Economy shows uptick

Despite report, Fed likely to hold interest rates steady
Associated Press
 
Rise in orders

Investment orders: U.S. orders for machinery and other factory goods that signal business investment surged in January.

Factory orders: Total factory orders fell 2 percent in January but the decline was mostly due to a steep drop in volatile commercial aircraft and defense orders.

Outlook: The big rise in demand for so-called core capital goods was viewed as an encouraging sign of business confidence in the economy.

WASHINGTON – Strong auto sales, better hiring and a continued housing recovery helped the U.S. economy grow in January and February throughout the country, according to a survey released Wednesday by the Federal Reserve.

The survey noted that 10 of the Fed’s 12 banking districts reported moderate or modest growth, while the Boston and Chicago districts reported slow growth.

Consumer spending increased in most regions, although spending growth slowed in many districts and much of the gains were driven by auto sales. Many districts said consumers pulled back slightly elsewhere after seeing taxes rise and gas prices increase. Some also expressed concerns about federal spending cuts that started March 1.
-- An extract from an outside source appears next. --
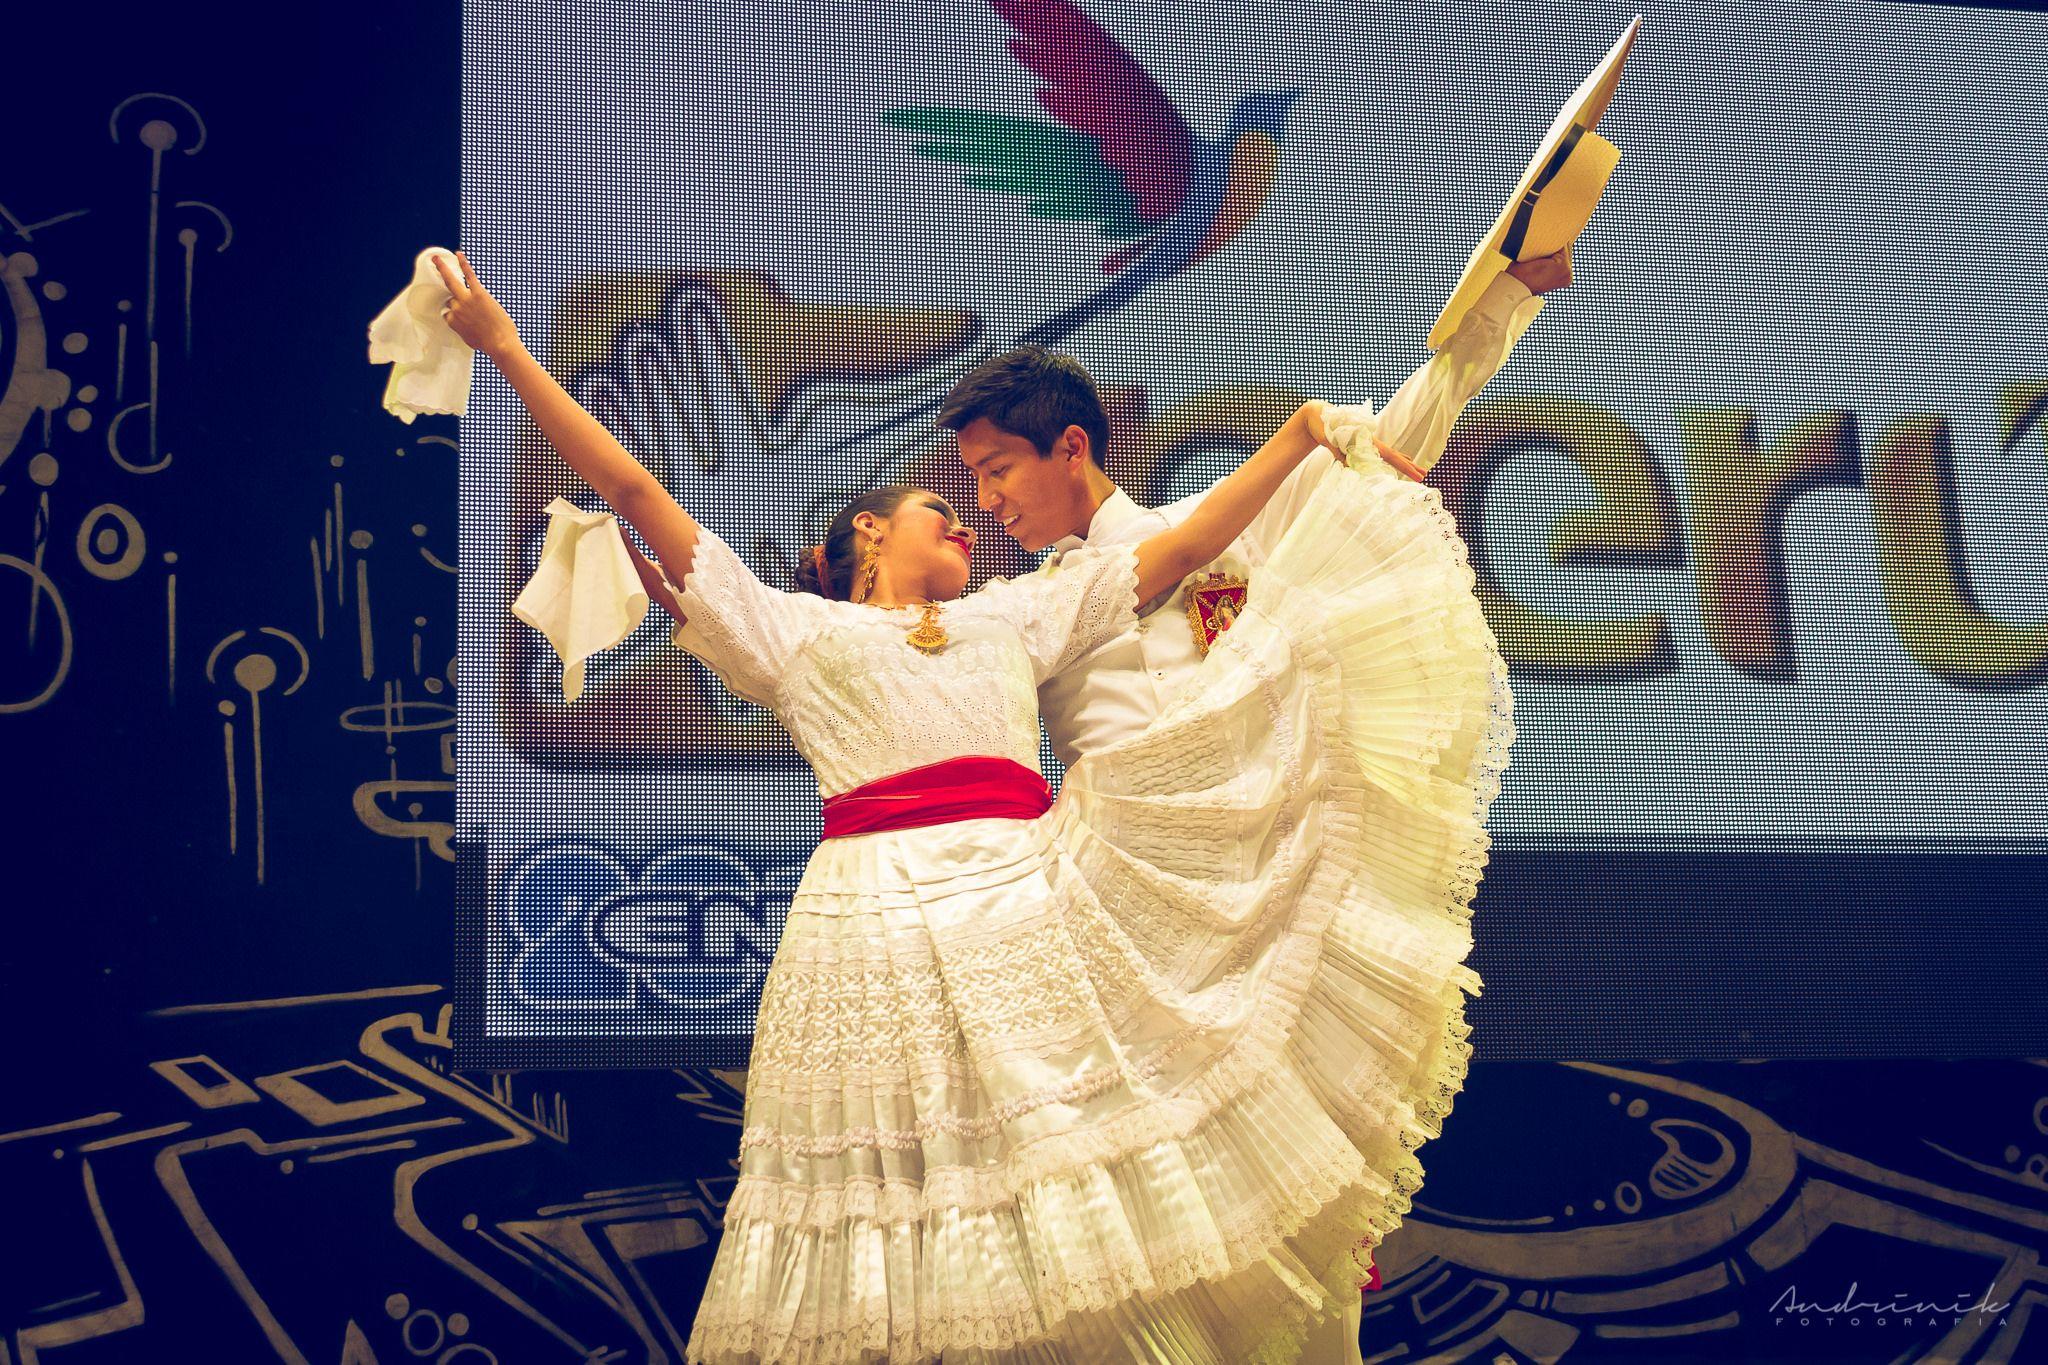 https://flic.kr/p/A6xr1Y | Argentina | ENIF 2015 | 29º Encuentro Nacional e Internacional de Folclore - San Miguel de Tucumán, Argentina. #ENIF2015

Housing markets showed more strength in nearly all parts of the country. Manufacturing grew modestly in most regions after struggling through most of 2012.

The report, called the Beige Book, provides anecdotal information on economic conditions through Feb. 22. The information will be discussed along with other economic data during the Fed’s next policy meeting on March 19-20.

Analysts said the report was slightly more upbeat than the previous Fed survey, noting the modest rebound in manufacturing in the past two months. Jennifer Lee, senior economist at BMO Capital Markets, called the latest survey “more encouraging news on the U.S. economy.”

Many economists believe Fed officials will maintain their low-interest rate policies at current levels but take no new steps at the March meeting.

In January, the Fed stood behind aggressive steps it launched in December to try to reduce unemployment. It repeated that it would keep its key short-term interest rate at a record low at least until unemployment falls below 6.5 percent. And the Fed said it would keep buying Treasurys and mortgage bonds to help lower borrowing costs and encourage spending.

The unemployment rate was 7.9 percent in January when the Fed last met.